Christa Faust Dishes the Goods on Bad Mother

A woman smiles while putting up bloodstained laundry on a clothesline

In my review of Bad Mother #1, we meet April Walters who is a bad mother in so much as she loves her children and her husband and wants what’s best for them, even if that means putting her own hopes and dreams on the sidelines. With a life that’s down in the dumps, Christa Faust writes your typical suburban mom going through the motions — until her daughter, Taylor, is kidnapped and April discovers that there are some very bad things going on in her seemingly normal home town. Here, Faust takes a few moments to chat about Bad Mother, the five-part mini series from AWA Studios.

The elevator pitch for Bad Mother is a Walter White-esque suburban mom becomes Frank Castle to save her daughter from a crime syndicate.
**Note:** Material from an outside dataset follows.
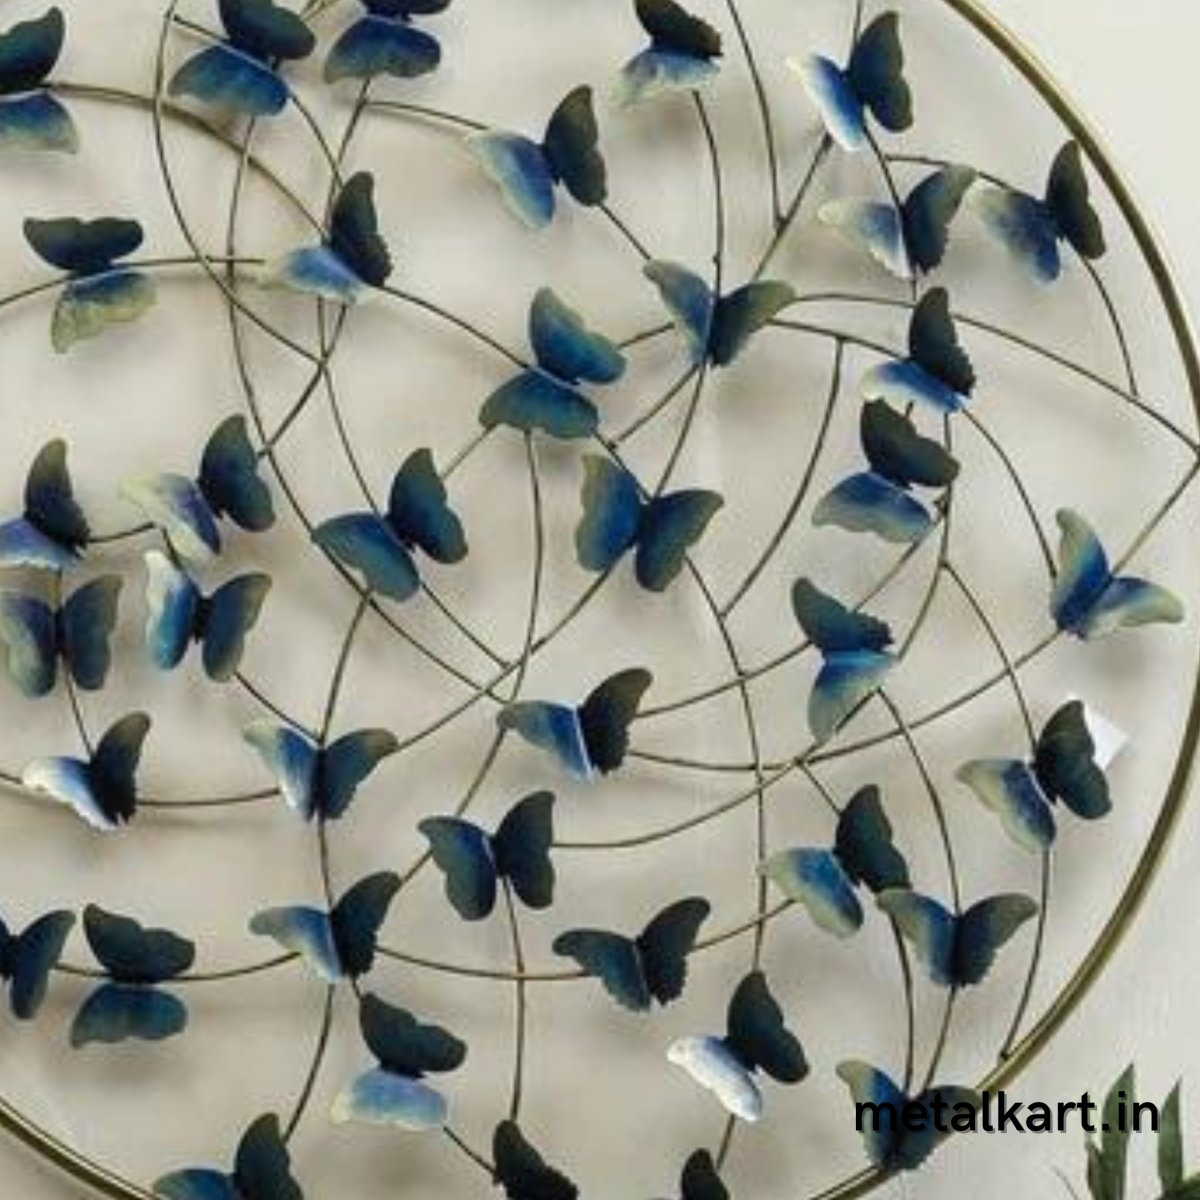 Circle of Butterflies (36 Inches)

Having read the first two issues, it’s clear that there is far more depth that you want to bring to this crime thriller. Working from Axel Alonso’s original concept, what concepts did you bring to the table as you began to shape the project?

The most important thing for me going into this project was to avoid what I like to call the Sad Daddy cliché. In other words, a woman or girl is kidnapped/raped/killed and a man (often her father or a father-like figure) feels feelings about it. The victim is merely a pretty catalyst that gives the lone wolf hero a reason to learn kung fu and kick ass. Because this is such a pervasive archetype, I didn’t want to just do a simple, gender-flipped Sad Mommy story. I really wanted the character of Taylor, the teenage daughter, to have agency and be actively working to enable her own rescue.
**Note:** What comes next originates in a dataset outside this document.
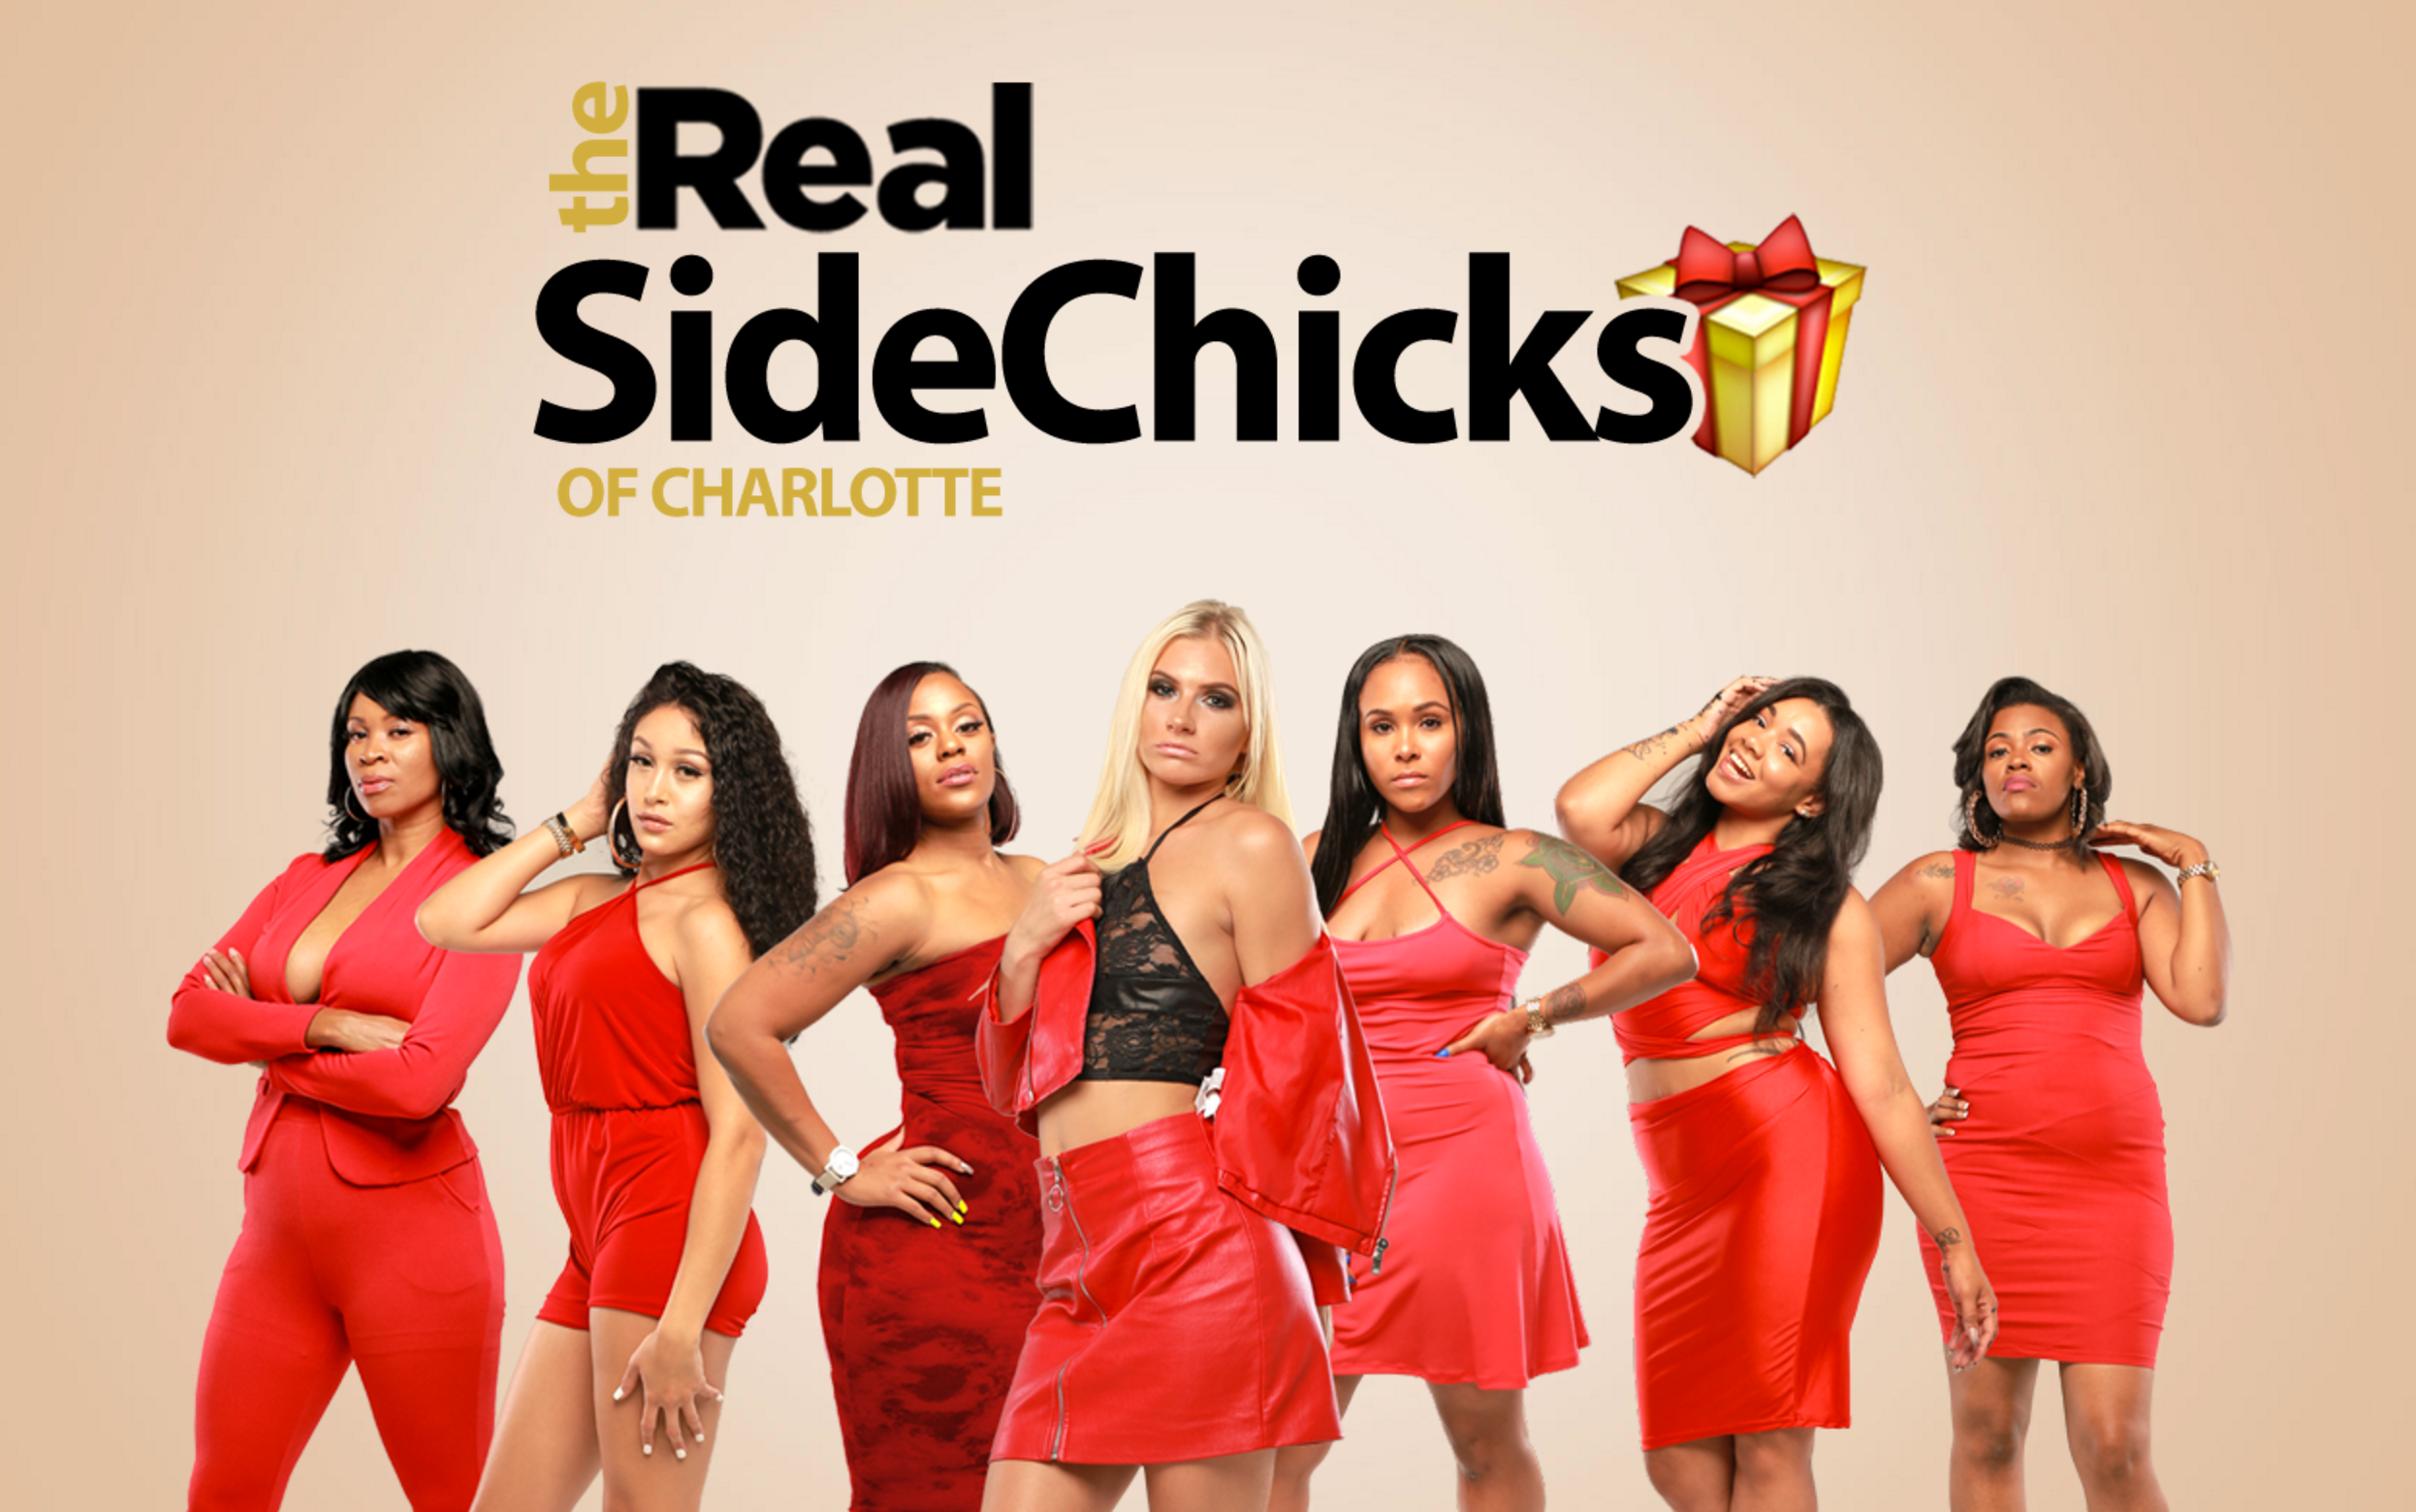 Is ‘The Real Sidechicks Of Charlotte’ A Guilty Pleasure You Would Watch?

I was also very attracted to the idea of a heroine with no prior combat skills who doesn’t need to become masculine in order to beat her adversaries. She’s able to use skills she already has, traditionally female skills that are often taken for granted in a society that puts very little value on homemaking and the never-ending emotional labor of raising a family. I like to joke that if April can pull off a successful birthday party for a dozen nine-year-olds with a wide range of complicated food allergies and esoteric parental requirements, staying one step ahead of a homicidal crime Queenpin is a walk in the playground.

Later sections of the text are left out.